Whyyyyy, I want that speed thats a wipe every second but it keeps going super saiyan. I read the owners manual and maybe Im doing it wrong or reading it wrong, can it be disabled? My mkvi gti is better, even when I come through a drive through it turns off and sometimes they stay super saiyan

https://images.app.goo.gl/yBRXFaAzjByzBnkr8


----------



## Hfqkhal (Oct 14, 2018)

Hedgehodge said:


> Whyyyyy, I want that speed thats a wipe every second but it keeps going super saiyan. I read the owners manual and maybe Im doing it wrong or reading it wrong, can it be disabled? My mkvi gti is better, even when I come through a drive through it turns off and sometimes they stay super saiyan...sigh
> 
> https://images.app.goo.gl/yBRXFaAzjByzBnkr8


You have the little switch on top of the stalk it has 4 settings.
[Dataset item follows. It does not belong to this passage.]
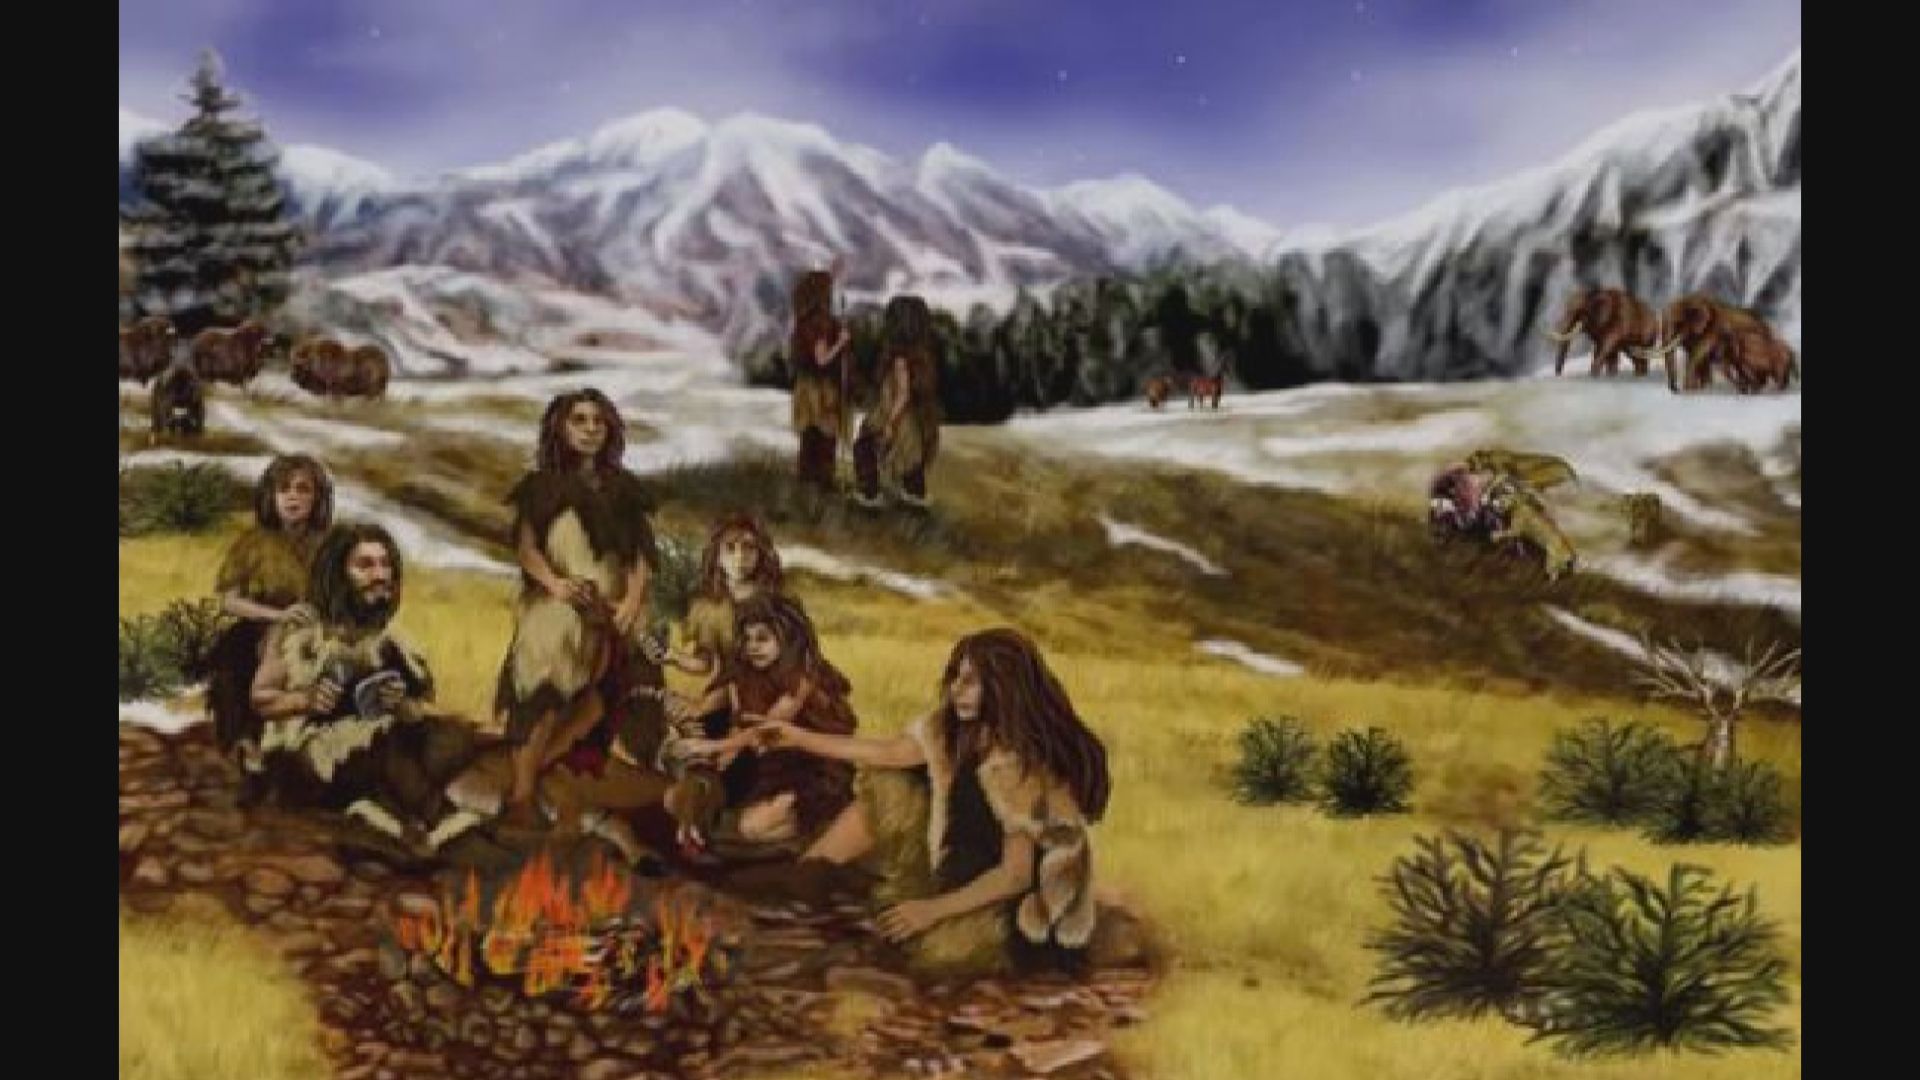 【環球薈報】考古發現尼安德特人12.5萬年前曾改變聚居地生態地貌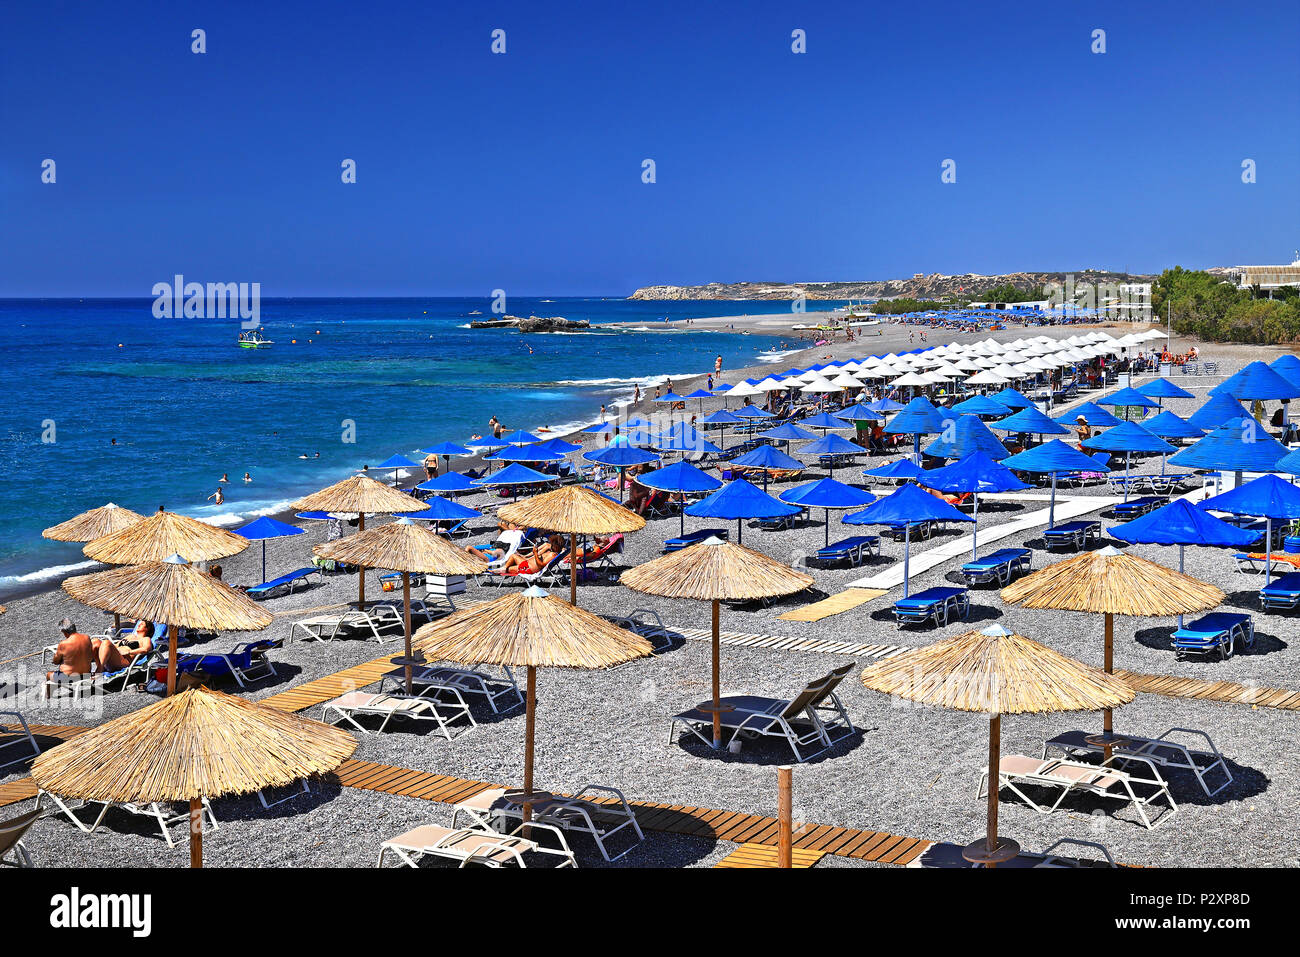 Psaropoula beach, Koutsounari village, Municipality of Ierapetra, Crete island, Greece. Stock Photo

Each determines the cycle length. Also the cycle length depends on the amount of rain being sensed on the windshield. 


Sent from my iPhone using Tapatalk


----------



## GTINC (Jan 28, 2005)

Hedgehodge said:


> Whyyyyy, I want that speed thats a wipe every second but it keeps going super saiyan. I read the owners manual and maybe Im doing it wrong or reading it wrong, can it be disabled? My mkvi gti is better, even when I come through a drive through it turns off and sometimes they stay super saiyan


The system on my 2016 R works very well. Wouldn't want a vehicle without it. Are you keeping the sensor area clean and free of tint?


----------



## ice4life (Nov 6, 2017)

Hedgehodge said:


> Whyyyyy, I want that speed thats a wipe every second but it keeps going super saiyan. I read the owners manual and maybe Im doing it wrong or reading it wrong, can it be disabled? My mkvi gti is better, even when I come through a drive through it turns off and sometimes they stay super saiyan
> 
> https://images.app.goo.gl/yBRXFaAzjByzBnkr8



You can turn off the rain sensor in the main screen settings. It reverts to normal intermittent op. I did it on my jetta b/c the rain sensor never works right.


----------



## OZ.IN.USA (Jan 29, 2011)

Hfqkhal said:


> You have the little switch on top of the stalk it has 4 settings. Each determines the cycle length. Also the cycle length depends on the amount of rain being sensed on the windshield.
> 
> 
> Sent from my iPhone using Tapatalk


:thumbup:


----------



## jimtunes (Mar 29, 2010)

Hfqkhal said:


> You have the little switch on top of the stalk it has 4 settings. Each determines the cycle length. Also the cycle length depends on the amount of rain being sensed on the windshield.
> 
> Sent from my iPhone using Tapatalk


I have the same complaint. Even at the least sensitive setting the wipers go way too fast, very often faster than low in the non-intermittent setting. They worked flawlessly in my 2017 Gti, but like crap in my 2019 Tiguan.


----------



## GTINC (Jan 28, 2005)

jimtunes said:


> I have the same complaint. Even at the least sensitive setting the wipers go way too fast, very often faster than low in the non-intermittent setting. They worked flawlessly in my 2017 Gti, but like crap in my 2019 Tiguan.


Have you cleaned the sensor spot on the windshield? Is the light sensor in the RVM unobstructed? BTW, the wipe rate is based on the rain fall rate, not a time interval.


----------